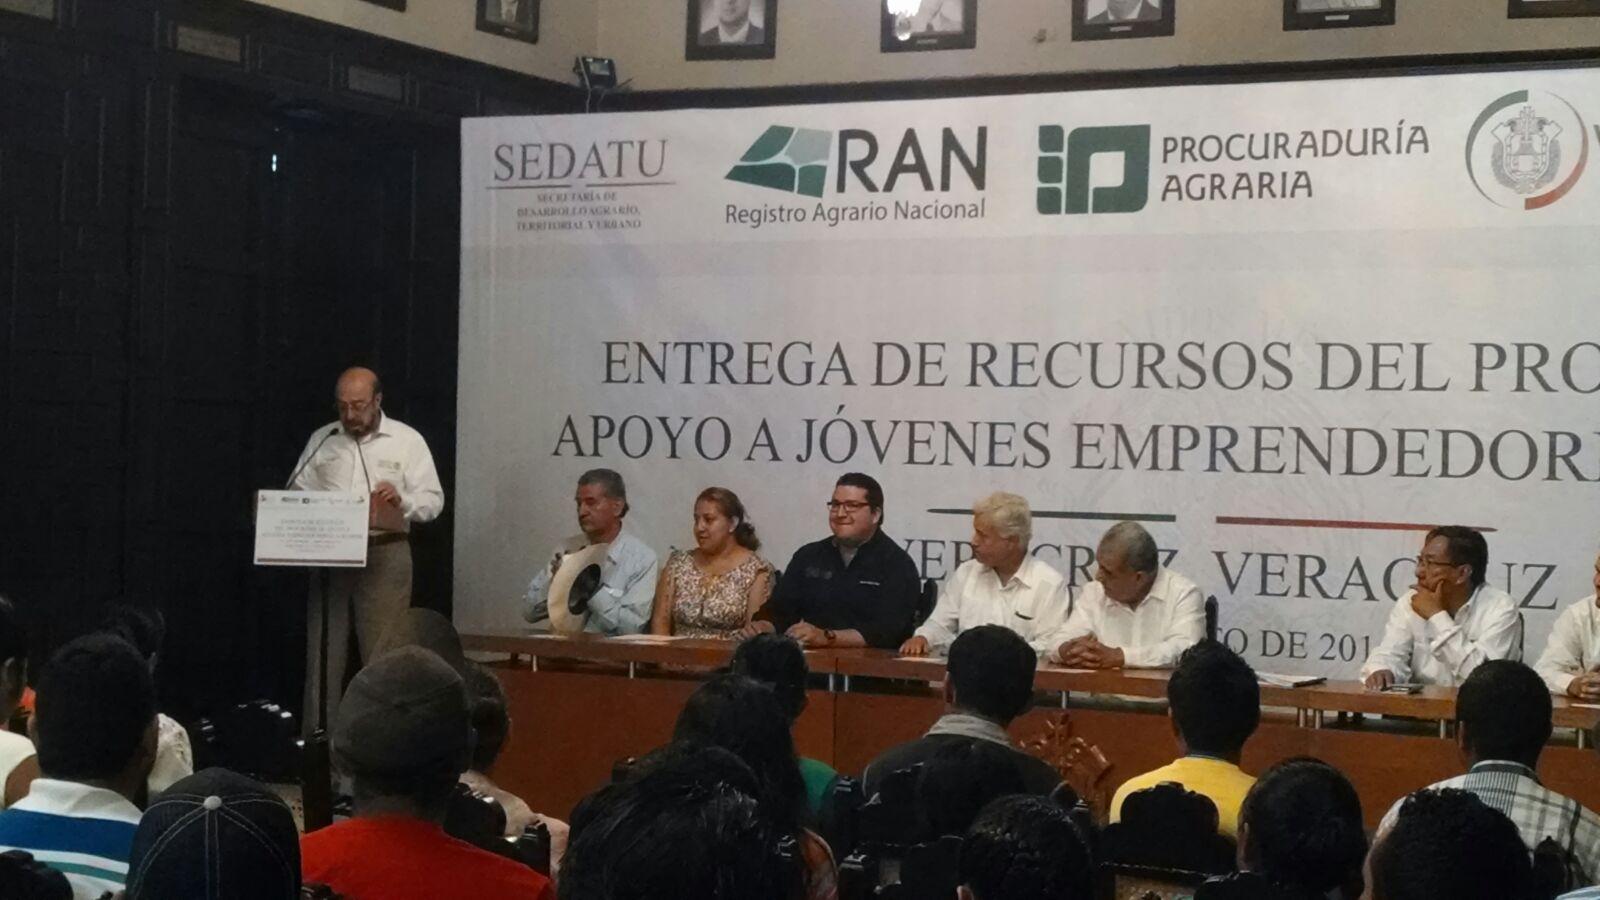 El  coordinador general de delegaciones y el delegado estatal de SEDATU asisten al acto de entrega de recursos a los jóvenes emprendedores.
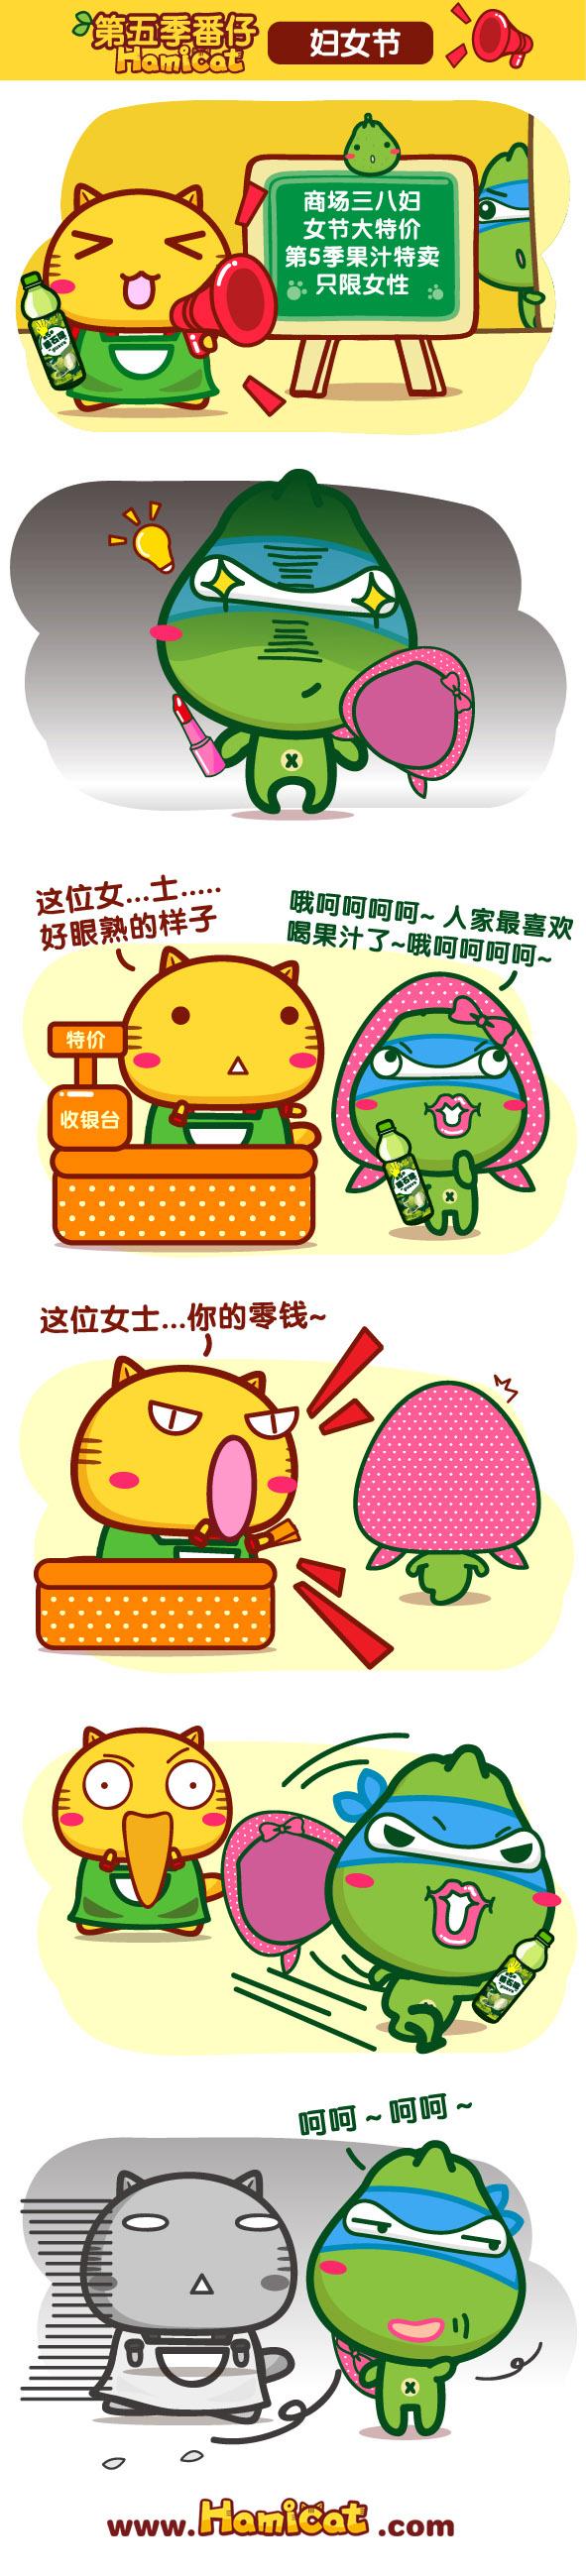 健力宝x哈咪猫漫画3月-04.jpg
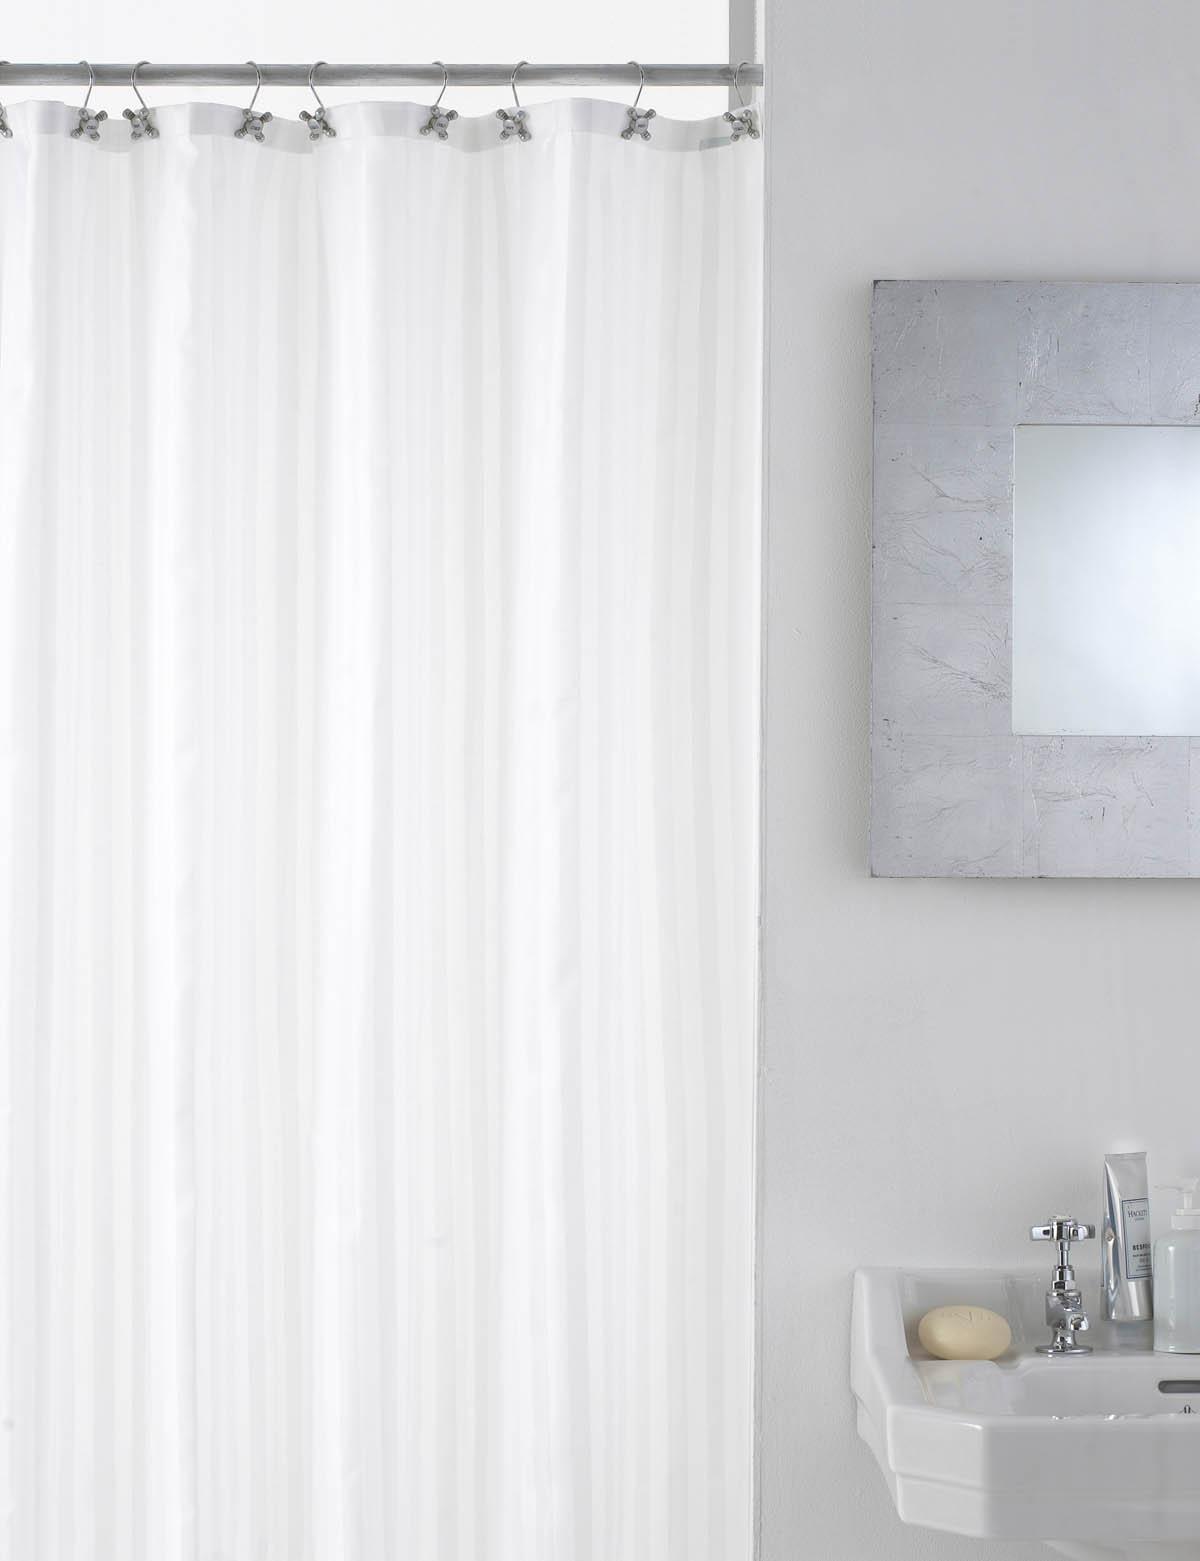 Deals shower curtain

What you have to do
Please retype the whole listing above exactly, without any of its images.

Output of the exercise
 El  coordinador general de delegaciones y el delegado estatal de SEDATU asisten al acto de entrega de recursos a los jóvenes emprendedores.
 健力宝x哈咪猫漫画3月-04.jpg
 Deals shower curtain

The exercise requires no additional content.